DUF1220 is a 65 amino acid protein domain that has undergone a striking human specific copy number expansion, resulting in the addition of over 80 new copies of the domain in humans compared to chimps. DUF1220 copy number increases as a function of a species' evolutionary proximity to humans with a trend of 28 copies being added every million years. The greatest number of copies (>270) is found in human while mice and rats have only 1 copy. DUF1220 sequences have also undergone recent positive selection and, while widely expressed, show high levels of expression in the fetal brain (Diskin et al. 2009) and in neurons (Popesco et al. 2006). The DUF1220 copy number in creases in humans involved both domain amplification and gene duplication (NBPF family), with the great majority of copies mapping to the 1q21.1 region. 1q21.1 CNVs that either flank or encompass DUF1220 domains have been implicated in a large number of diseases including microcephaly and macrocephaly (Brunetti-Pierri et al. 2008; Mefford et al. 2008), autism (Autism Genome Project Consortium 2008), schizophrenia (ISC 2008), heart disease (Mefford et al. 2008) and neuroblastoma (Diskin et al. 2009; Vandepoele et al. 2005).

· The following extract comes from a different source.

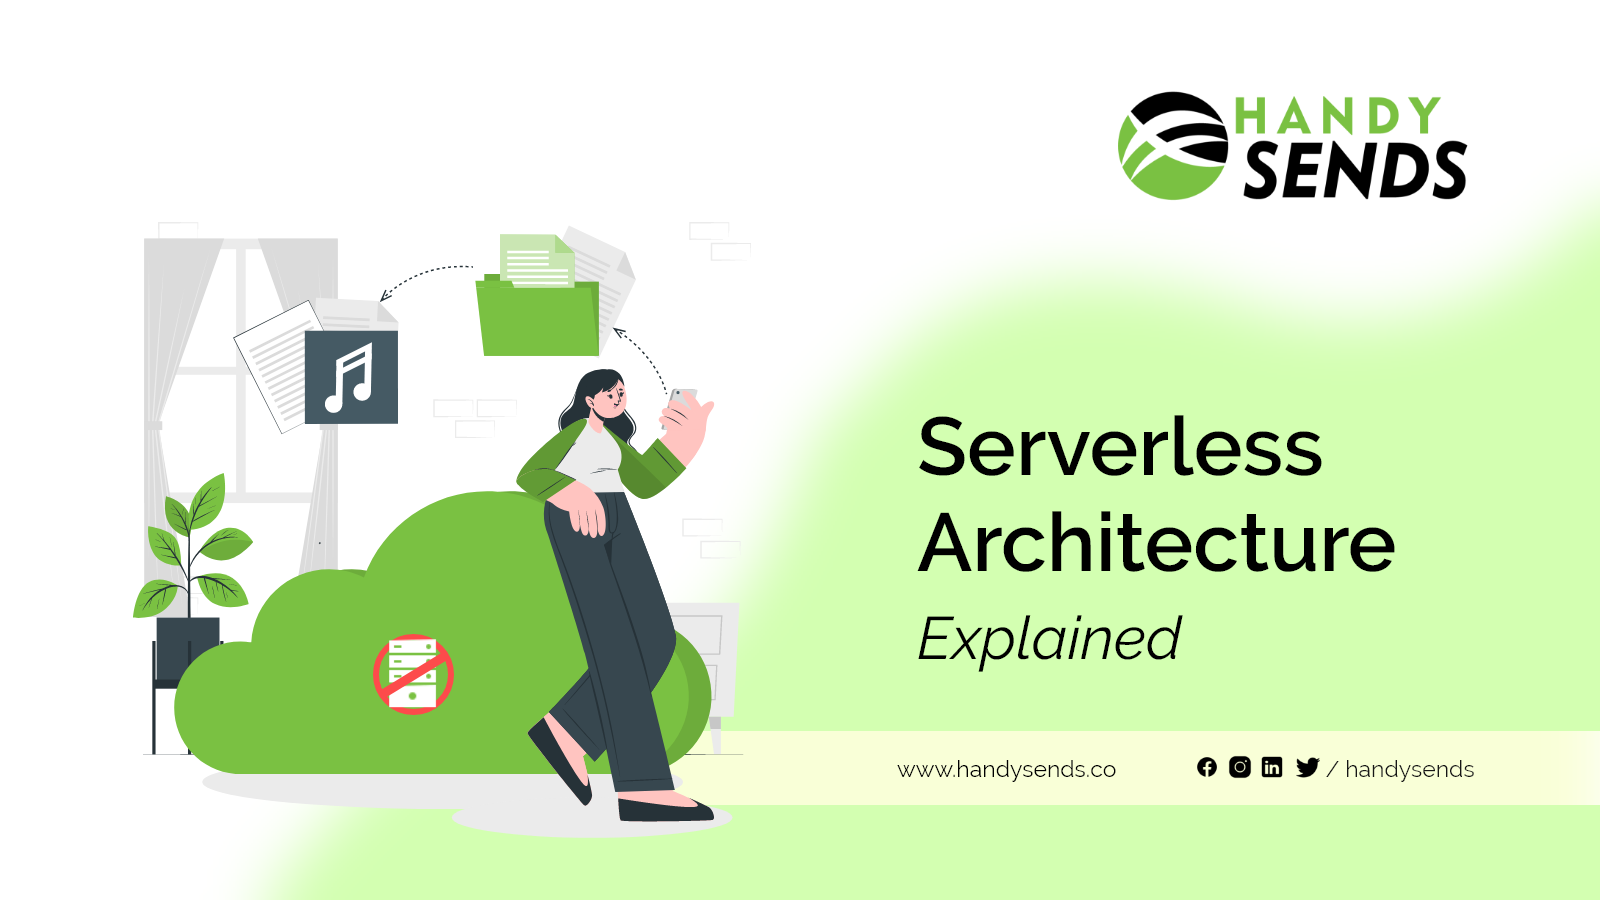 Serverless Architecture Explained

A model has been proposed linking the rapid increase in DUF1220 copy number with  the high number of disease-related CNVs in the 1q21.1 region (Dumas and Sikela 2009). The fact that the deletions and duplications of DUF1220-containing (or flanking) 1q21.1 sequences have been implicated in microcephaly and macrocephaly, respectively (Brunetti-Pierri et al. 2008; Mefford et al. 2008) has been used to support the view that DUF1220 copy number may be directly related to human brain size both within the human species as well as across human, primate, and mammalian evolution (Dumas and Sikela 2009). More recent worked has confirmed that DUF1220 copy number is associated with brain size pathology in pediatric populations (Dumas et al 2012).